Чай с молоком (1/1)

— Я пью чай с молоком, — ласково напоминает Стивен и благодарно кивает, когда Джек сам передаёт ему молочник. Стивен привык наливать сам, но Джек сегодня странно рассеян и наливает столько, что это, кажется, уже скорее молоко с чаем, чем наоборот. Стивен смотрит на чужие руки, наливающие ему молоко, и испытывает странную ностальгию и, может быть, даже чувствует сладкий запах парного молока и свежего хлеба.И пока он пьёт, на него, не мигая, смотрит из угла полосатый корабельный кот.Стивен отвык почти от чужих рук, бережно наливающих молоко в блюдечко.
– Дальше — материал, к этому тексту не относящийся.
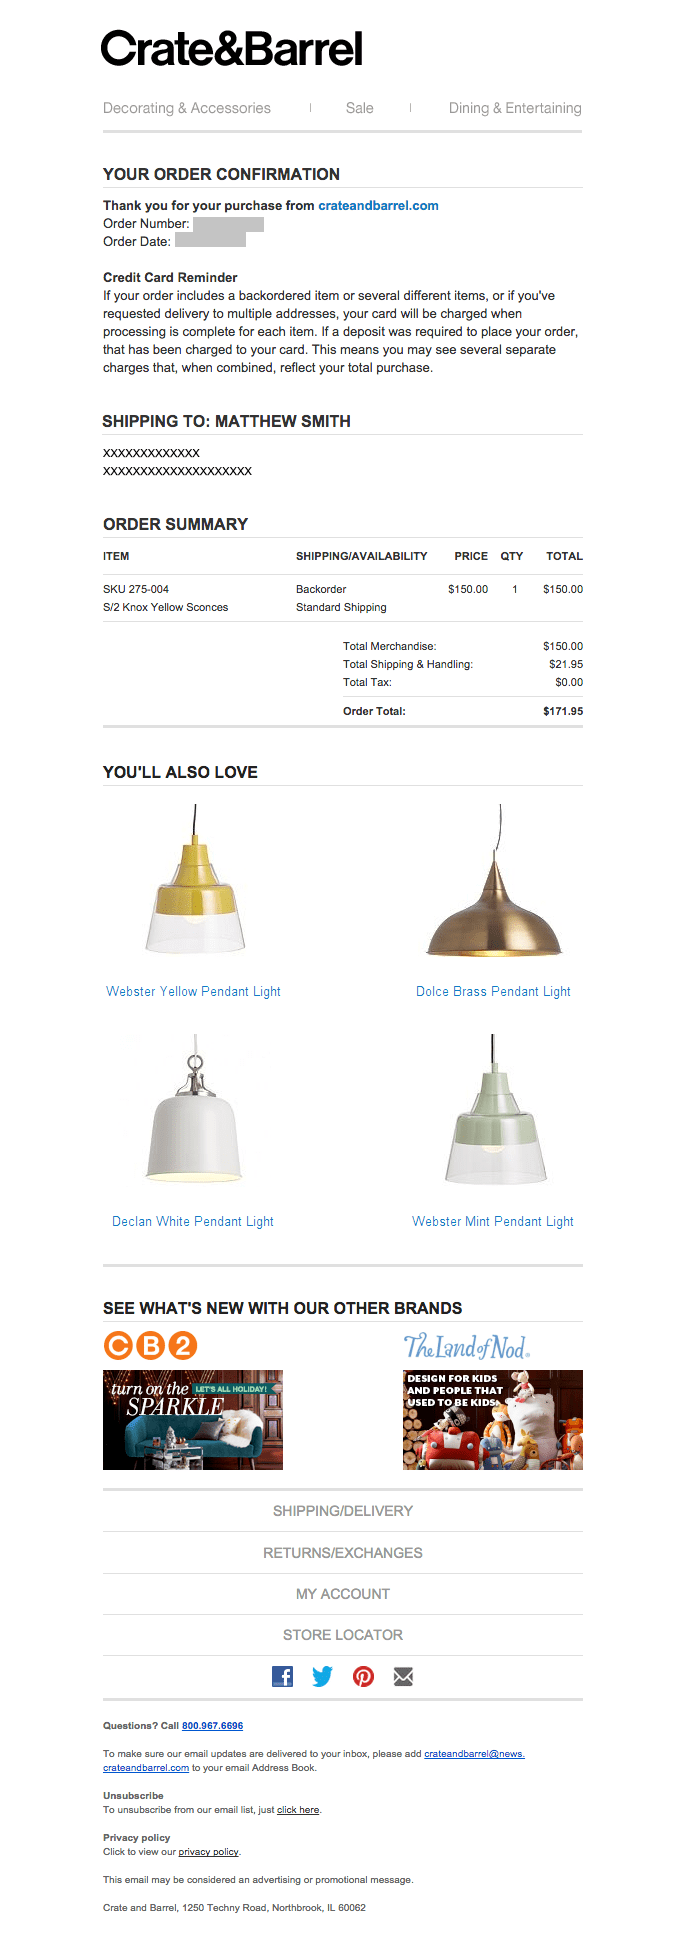 Crate & Barrel Order Confirmation Industry Email Template screenshot

Стивен носит парики: парики — прекрасное изобретение, под ними не видно зелёных волос, просвечивающих сквозь тёмную краску. Под ними не видно зелёных волос, как в музыке Стивена не слышно тоски, и он сочиняет свой плач по Тир на Ног, забытой земле юности, не боясь, что кто-то поймёт. Что кто-то угадает. Стивен играет, и виолончель стонет в его руках, а Джек на пару секунд замирает и смотрит удивлённо. Доктор головой качает: всё в порядке, дорогой мой, я всего лишь хотел, чтобы вы послушали. Виолончель плачет о потерянной земле, которой не видела никогда, и Стивен становится её глазами.И Стивен становится почти человеком, но: носит парик, пьёт чай с молоком, благодарно и неловко улыбаясь, когда ему наливают его сами (Софи запоминает даже быстрее Джека, милая добрая Софи).Носит с собой десятки хрустальных сосудов, как напоминание о том, что никто так и не смог заточить его самого в один из них. Поселяет в каюте пчёл — под испуганным взглядом Джека следит, как они ползают по одежде, и переливчатые тонкие крылышки задевают ткань поношенного сюртука и кожу ладоней. Тонкие-тонкие прозрачные крылышки, Стивен чувствует себя таким же лёгким, почти невесомым, словно его и правда в любую секунду может унести попутным ветром, бьющимся в парусах.— Вы представляете, дорогой, на этом корабле совсем нет кофе! — восклицает Джек и смеётся, покачивая головой. С раскрытой ладони Стивена слетает пчела, и на миг он видит над крыльями крошечное остроносое личико, отражение его собственного лица. Улей наполняет каюту слаженным жужжанием, сливающимся в голоса, зовущие его тем самым, настоящим именем. Виолончель в углу издаёт странный неровный звук, и если провести ладонью по струнам, почувствуешь соль и воду — слёзы морские, воды, бьющиеся о берег забытой земли.— Ничего страшного, — отвечает Стивен Мэтьюрин. — Ничего страшного, друг мой. Главное, что на нём есть хотя бы немного молока.